Ziniya closed her eyes, whispering to herself, One day, they will know who I am. One day, this haveli will have to accept me.
-------------------------------
The next morning, Ziniya tightened the worn straps of her schoolbag and slipped quietly out of the annex gate.The haveli always seemed to breathe down her neck, its towering walls reminding her that she was caged inside, even when she was allowed out. But the road to her school felt different. Dusty, noisy, filled with carts and chatter, yet strangely freeing.
Her school wasn't fancy like the ones her brothers must have gone to. No shining marble floors, no polished uniforms. It was a middle-class secondary school, walls painted in fading blue, windows half-broken, desks carved with initials of forgotten students. But to Ziniya, it was heaven compared to the silence of the annex.
And most of all, it was where she was.
Aaliya.
Her only friend.Her safe place.
The moment Ziniya entered the classroom, Aaliya's face lit up. She pushed her braid back and waved, patting the seat beside her.
"You're late again," Aaliya teased, her tone soft but playful. "What excuse today? The annex guards wouldn't let you out? Or did your Baba catch you sneaking bread again?"
Ziniya chuckled faintly, sitting down. "Both," she whispered, her voice carrying that familiar tiredness. Then, lowering her head, she added, "Aaliya… something happened yesterday."
Aaliya turned to her immediately, eyes wide, curious. "What?"

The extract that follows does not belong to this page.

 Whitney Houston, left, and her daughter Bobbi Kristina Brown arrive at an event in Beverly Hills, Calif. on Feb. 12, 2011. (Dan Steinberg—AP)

Ziniya's hands tightened around her notebook. "I… I ran into him. The eldest one. Zarman Shah."
For a moment, Aaliya froze. She had heard the name a hundred times from Ziniya, the brothers she had never spoken to, the family that pretended she didn't exist.
Her friend leaned closer, whispering like it was a secret too dangerous to let the cracked walls hear. "And? What did he do? Did he… recognize you?"

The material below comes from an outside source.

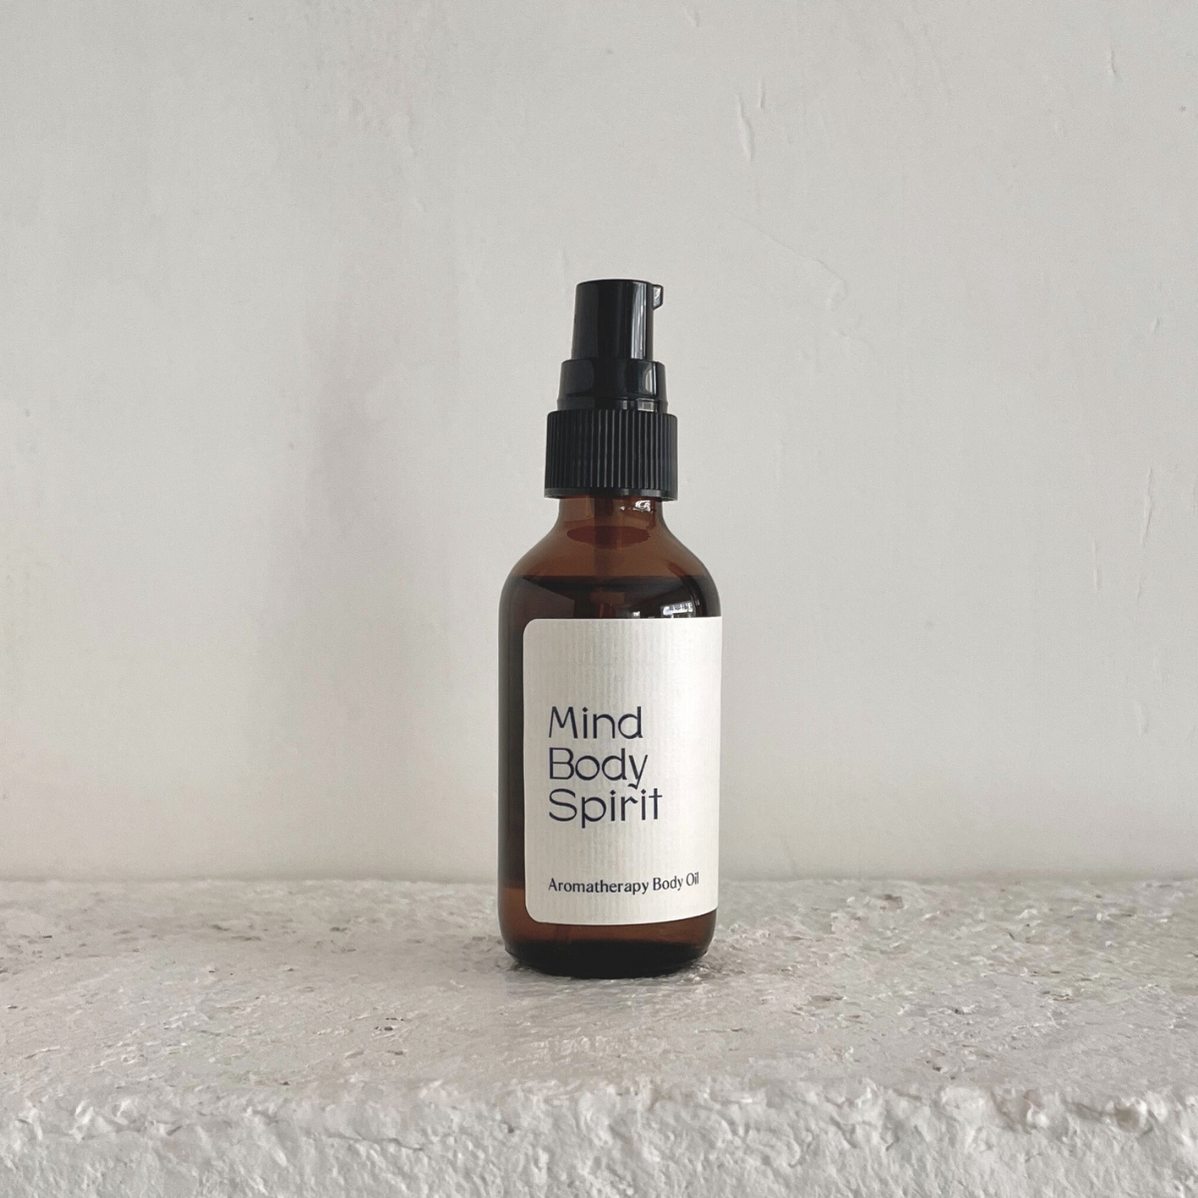 species by the thousands / Mind Body Spirit body oil's sense of center originates from an integrative blend of palo santo, frankincense, patchouli, lavender and clary sage scent. Can help promote a healthy sense of balance and transform the moment into something sacred and holistic.

Ziniya's breath caught. She replayed that moment, the tray slipping, his hands steady, those hazel eyes burning into hers. "I don't know. But when he looked at me… it felt like he already knew."
Aaliya reached for her hand under the desk, squeezing it. "Ziniya, listen to me. One day, this truth will come out. But until then, you have me. You're not alone."
"I don't want them, Aaliya," Ziniya's voice cracked but her eyes burned, darker than Aaliya had ever seen before. "Ama ji keeps saying one day they'll accept me… that the haveli will open its doors. But even if it happens…" she clenched her fists, her nails digging into her palms, "…I'll never forgive them. Never."
Her words fell heavy between them, but Ziniya didn't stop.
"I've spent fourteen years being treated like dirt, like a stranger in my own home. And now, now they want me to wait? To hope? No, Aaliya. I won't waste my life waiting for scraps of love."
She pulled her notebook closer, flipping through the pages filled with scribbled dreams, exam notes, and messy sketches of faraway cities she had never seen but always imagined. London. Manchester. Leeds. Places that looked nothing like the suffocating haveli or its annex.
"One day I'll grab that Commonwealth Scholarship," she whispered, each word like a promise etched into stone. "I'll go to the UK for higher studies. And when I do…" her eyes lifted, fierce and unblinking, "…I'll never come back to Pakistan. Never return to that haveli. They'll regret the day they made me feel unwanted."
Aaliya opened her mouth to speak, to soften the edges of Ziniya's resolve, but the look on her friend's face silenced her. It wasn't the face of a broken girl anymore—it was the face of someone sharpening herself into a weapon.